Skip pictures in the listing below; copy exactly the lines from the one with "Ride And Mens" through the one with "Channel about the", inclusive.

§ **PROVIDED INFORMATION**:
▬▬▬▬▬▬
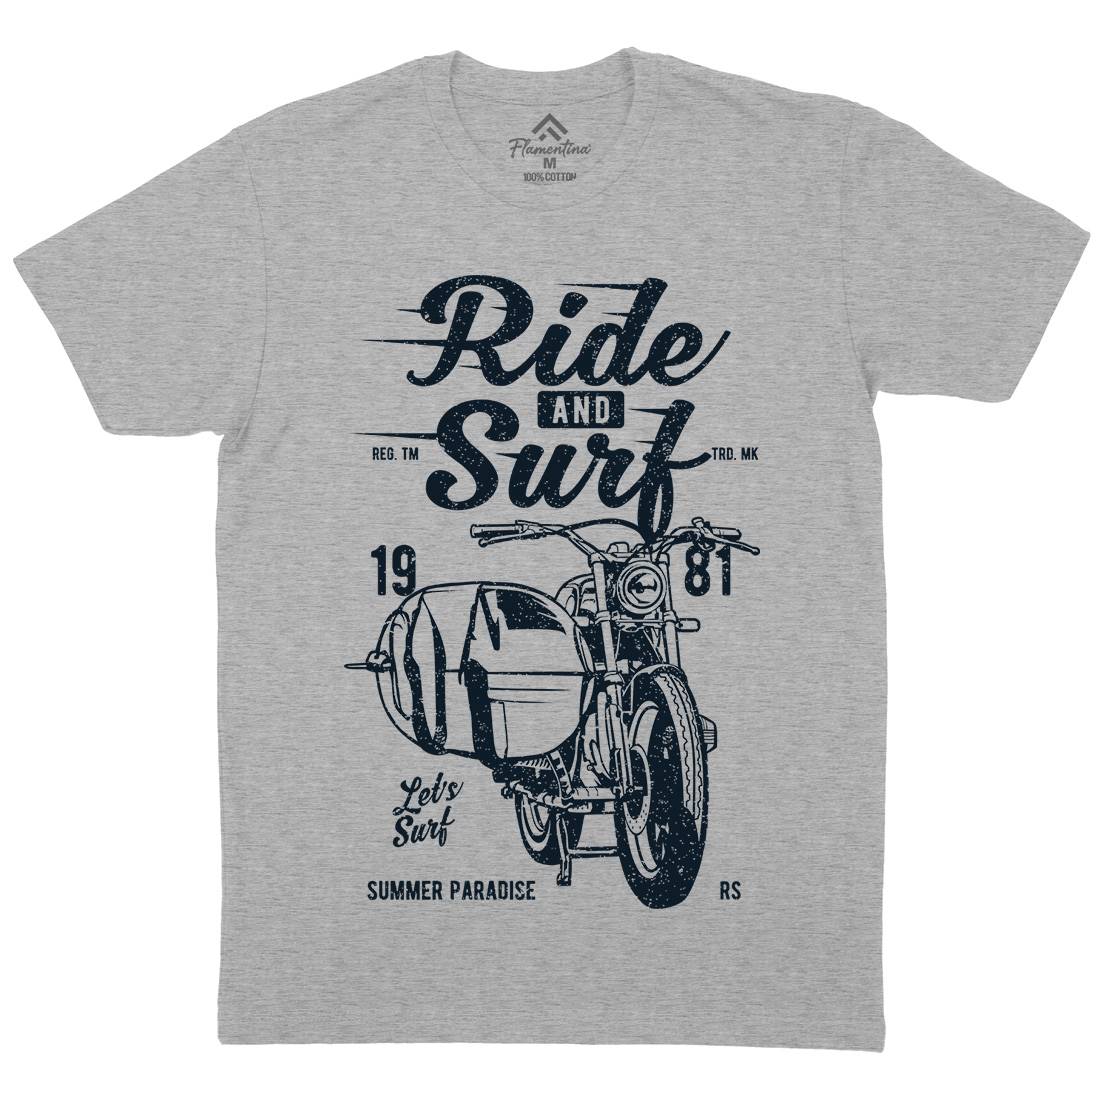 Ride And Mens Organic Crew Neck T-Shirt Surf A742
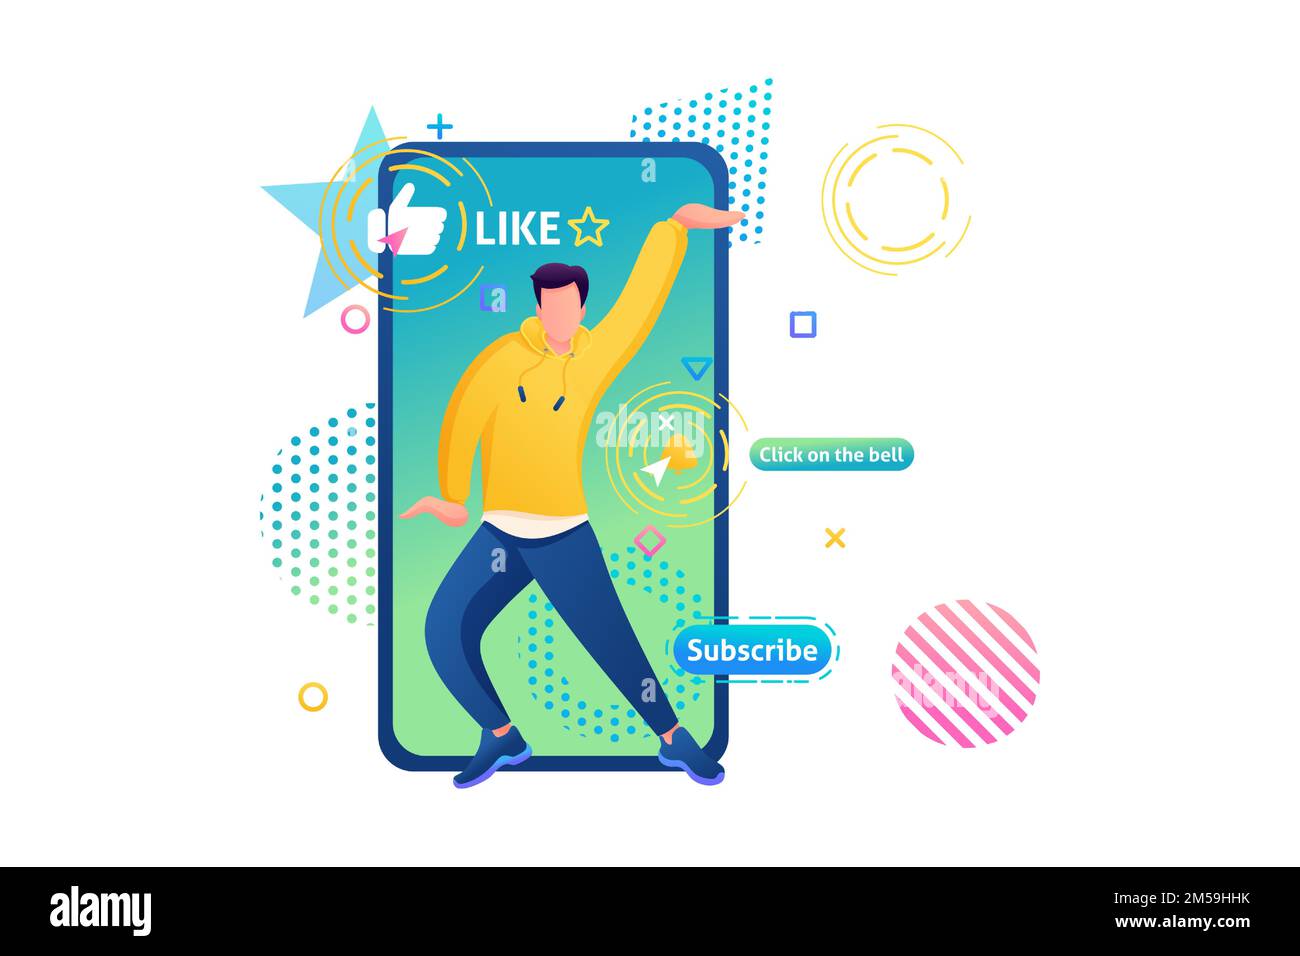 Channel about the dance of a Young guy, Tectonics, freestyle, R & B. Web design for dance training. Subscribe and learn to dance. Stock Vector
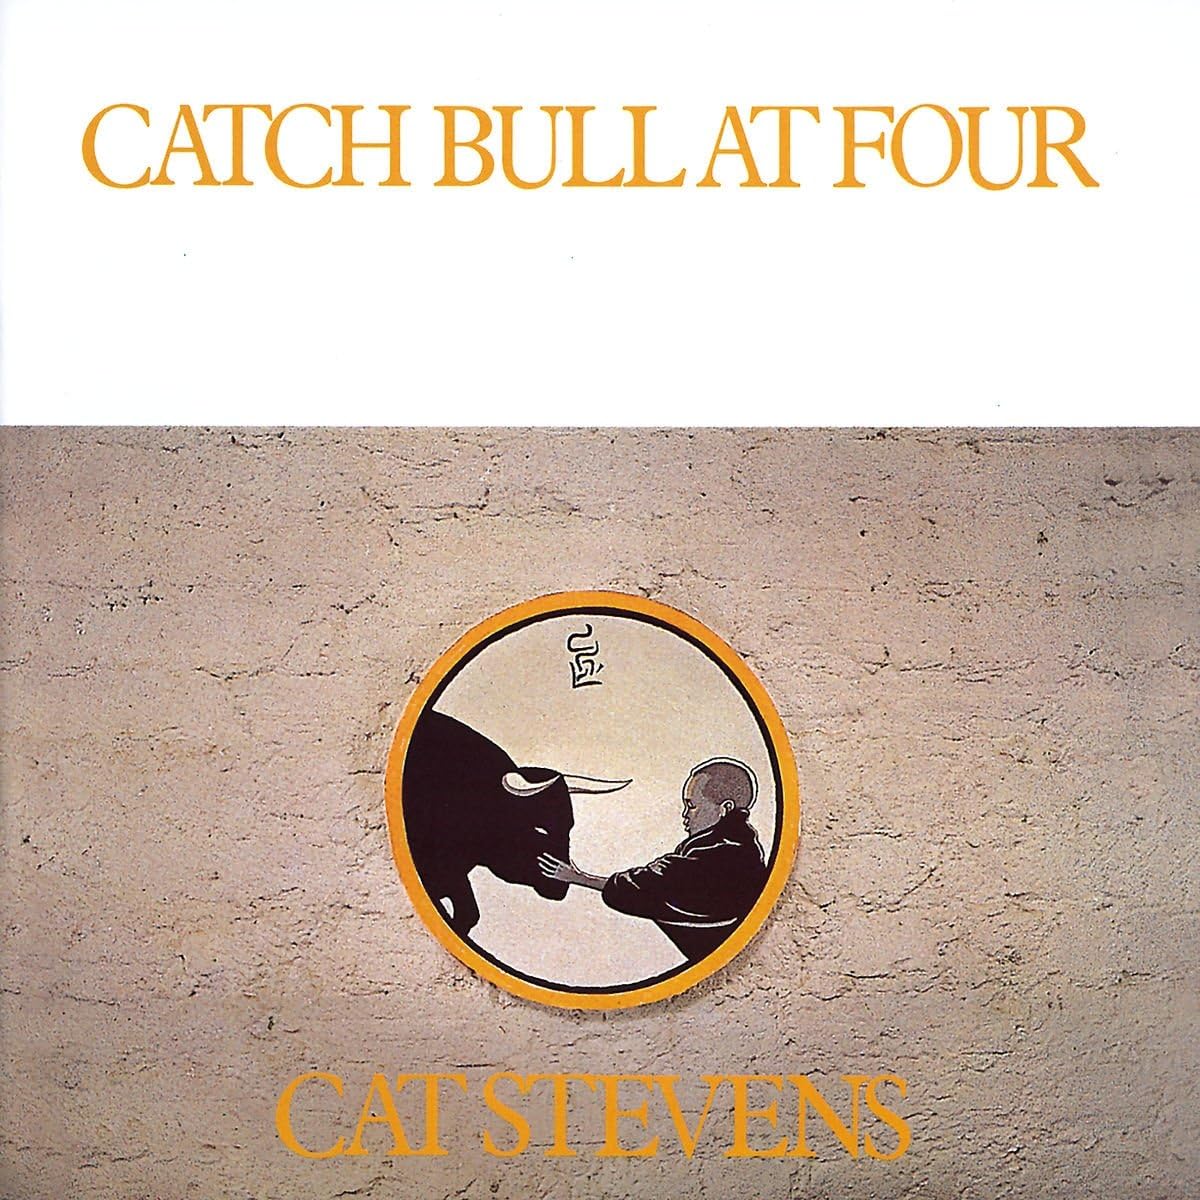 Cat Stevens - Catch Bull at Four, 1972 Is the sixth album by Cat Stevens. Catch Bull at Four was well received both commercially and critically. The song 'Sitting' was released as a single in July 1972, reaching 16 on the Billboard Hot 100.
▬▬▬▬▬▬
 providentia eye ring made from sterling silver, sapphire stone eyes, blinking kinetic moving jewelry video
▬▬▬▬▬▬
§ **FINISHED TASK**:
 Ride And Mens Organic Crew Neck T-Shirt Surf A742
 Channel about the dance of a Young guy, Tectonics, freestyle, R & B. Web design for dance training. Subscribe and learn to dance. Stock Vector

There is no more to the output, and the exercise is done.